How to A/B test Claude Haiku 4.5 vs Glm 5p1 in production
If you're stuck between the two, run them side-by-side on real traffic. Four steps the Future AGI team uses internally:
- 1. Point your existing OpenAI SDK at
https://gateway.futureagi.com/v1. No code change beyondbase_urland a virtual key. - 2. Mark Claude Haiku 4.5 primary, mirror 20% of traffic to Glm 5p1 in shadow mode. Both responses are logged; only the primary is served to users.
- 3. Score every shadow response with an evaluator — faithfulness, tool-call correctness, response latency, cost. Built-in evaluators in ai-evaluation cover the common axes.
- 4. Compare cohort-level metrics after two weeks. Switch primary when the candidate wins on what matters to your workload — and stays within your latency budget.
Full walkthrough on the Agent Command Center page.
FAQ — Claude Haiku 4.5 vs Glm 5p1
Which is cheaper, Claude Haiku 4.5 or Glm 5p1? ▾
Glm 5p1 is cheaper by roughly 3% on a blended input + output token mix. Input prices are $1.00/M for Claude Haiku 4.5 versus $1.40/M for Glm 5p1; output prices are $5.00/M versus $4.40/M. The exact savings depend on your input:output ratio — use the live calculator above to plug in your own request shape.
What is the context window of Claude Haiku 4.5 versus Glm 5p1? ▾
Claude Haiku 4.5 supports up to 200,000 tokens of context. Glm 5p1 supports up to 202,800 tokens.
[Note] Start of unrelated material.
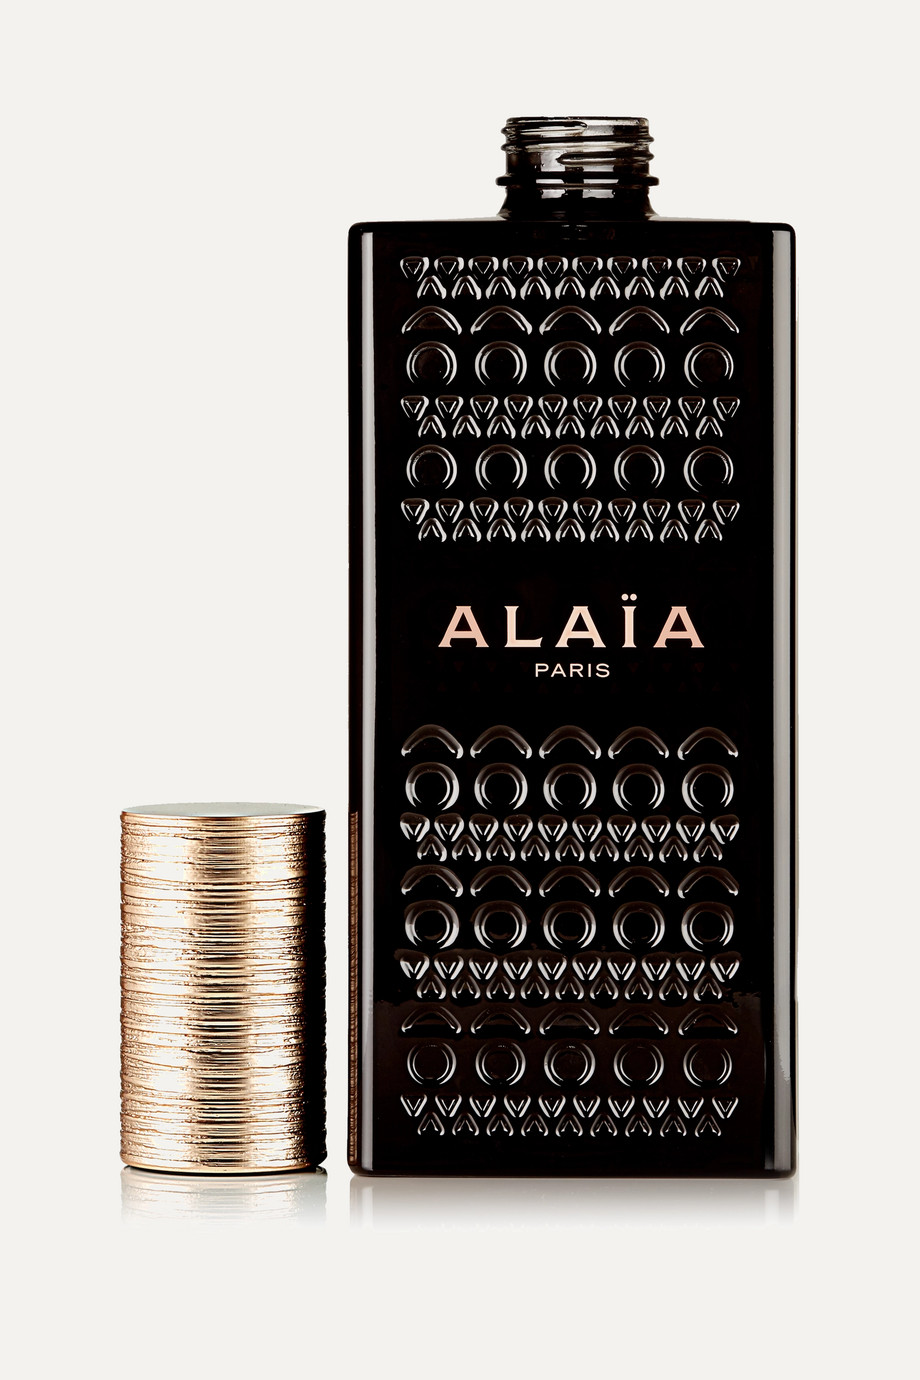 Alaïa Beauty ALAÏA PARIS, 1000 ml – Eau de Parfum

Glm 5p1 has the larger window by a factor of 1.0x, which matters for long-document RAG, multi-turn agent sessions, and tasks that need to keep an entire codebase in working memory.
Do Claude Haiku 4.5 and Glm 5p1 both support tool calling? ▾
Yes — both Claude Haiku 4.5 and Glm 5p1 support native function calling. Both also support structured output via JSON schema, so an agent can be ported between them with the same tool definitions.
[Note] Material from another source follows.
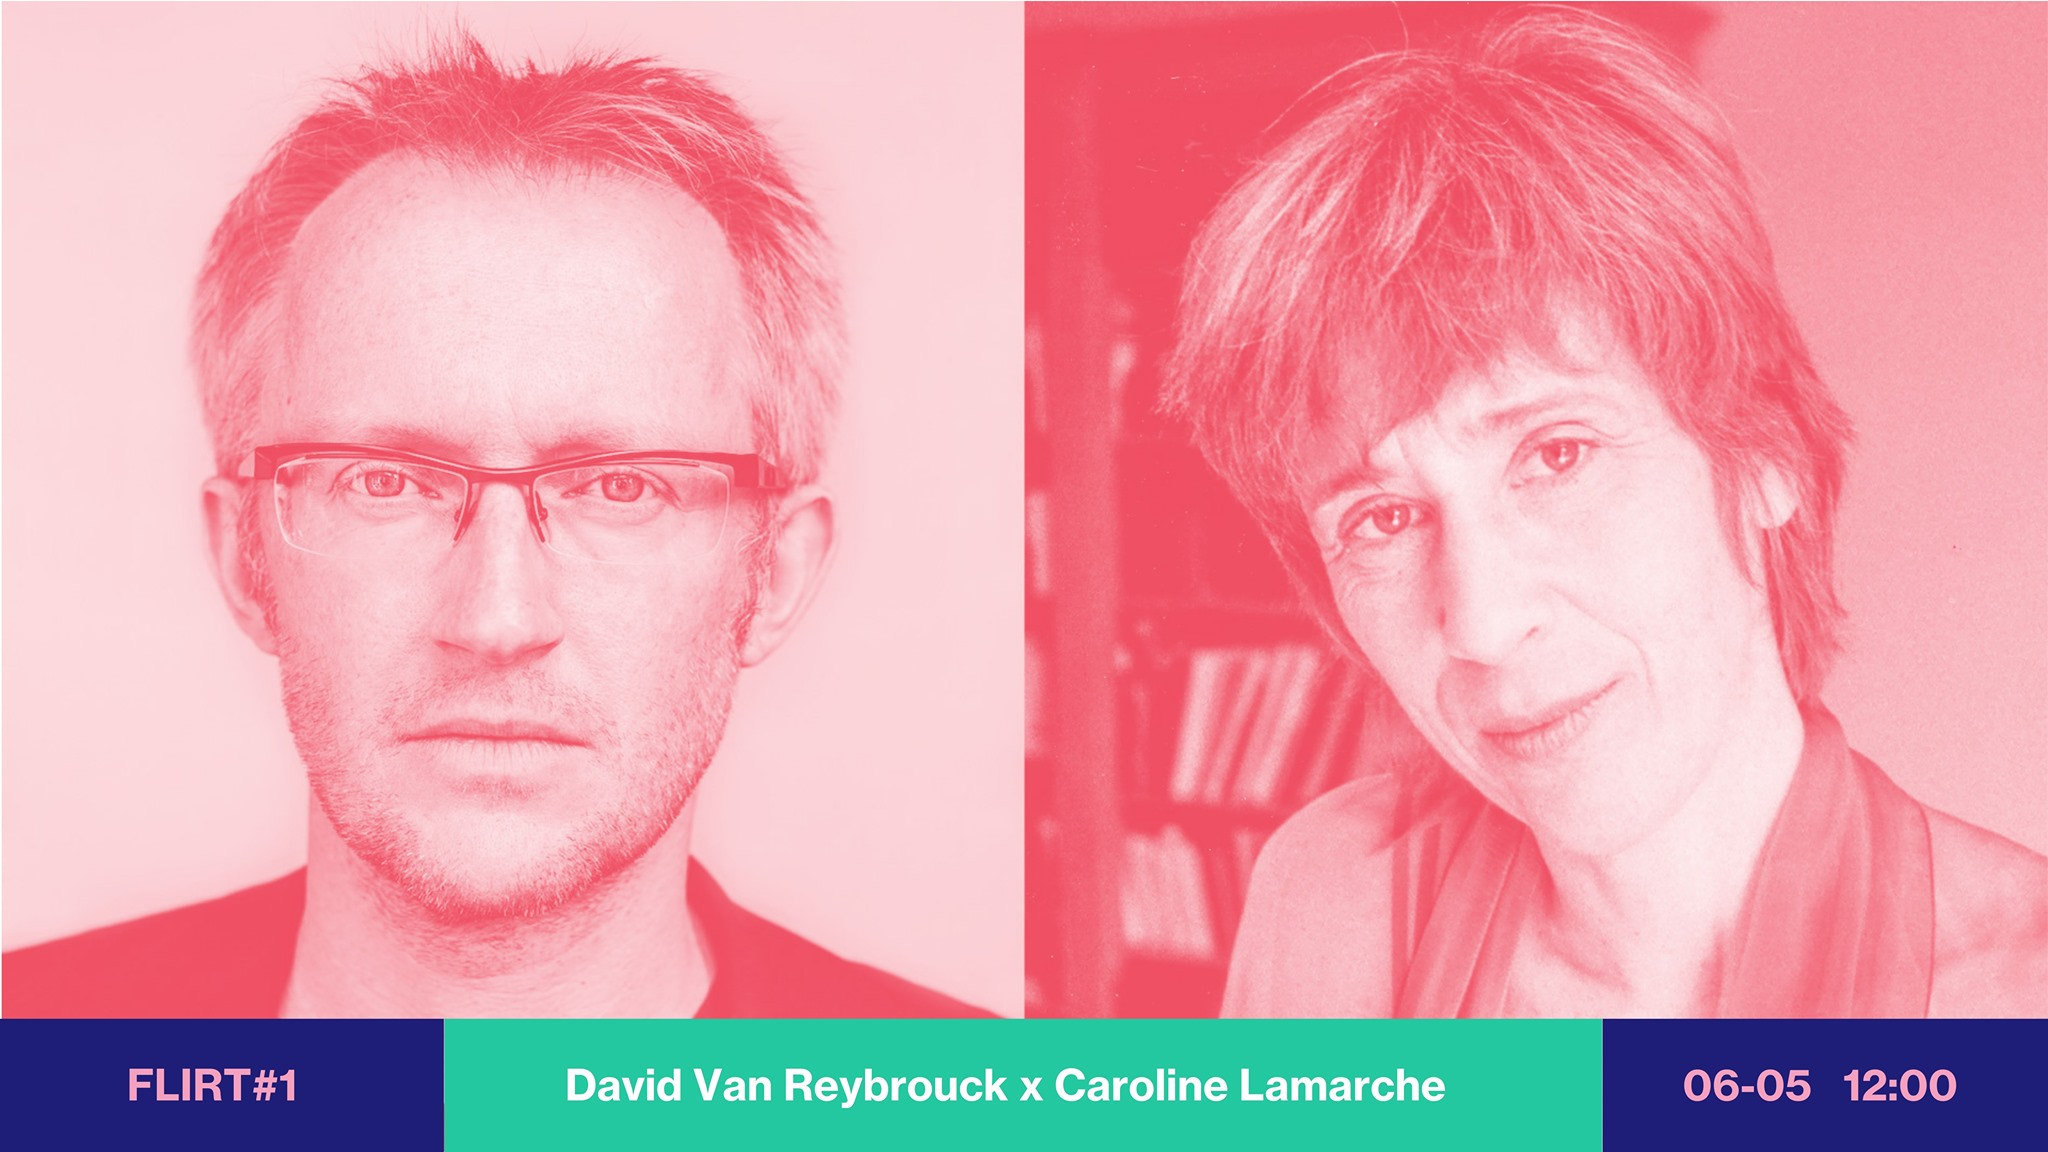 FLIRT #1 David Van Reybrouck & Caroline Lamarche

Can Claude Haiku 4.5 and Glm 5p1 process images? ▾
Claude Haiku 4.5 accepts native image input. Glm 5p1 does not — you would need to route image-heavy workloads through Claude Haiku 4.5 or add a separate vision model in front of Glm 5p1.
Which model supports prompt caching for cost reduction? ▾
Claude Haiku 4.5 supports prompt caching; the other does not. If your agent has a stable system prompt + retrieval context block that repeats across requests, Claude Haiku 4.5 gives you a 50–90% discount on those repeated input tokens at the provider level.
When should I choose Claude Haiku 4.5 over Glm 5p1? ▾
Your inputs include screenshots, diagrams, or product photos — Claude Haiku 4.5 accepts image input natively, the other doesn't. You re-send the same large system prompt across requests — Claude Haiku 4.5 supports prompt caching, cutting input cost on repeat hits.
When should I choose Glm 5p1 over Claude Haiku 4.5? ▾
On the data this page surfaces, Glm 5p1 is the right pick when Claude Haiku 4.5's lower price or different capability profile aren't a fit for your workload. Run the live calculator above against your actual usage shape to confirm.
How do I A/B test Claude Haiku 4.5 against Glm 5p1 in production? ▾
Route both through an OpenAI-compatible gateway like Future AGI Agent Command Center with shadow mode enabled. Send 100% of traffic to your primary model, mirror 10–20% to the candidate, score every response with an evaluator (faithfulness, tool-call correctness, response time), and compare cohort-level metrics for two weeks. Switch when the candidate wins on the metrics that matter to your workload and stays within your latency budget.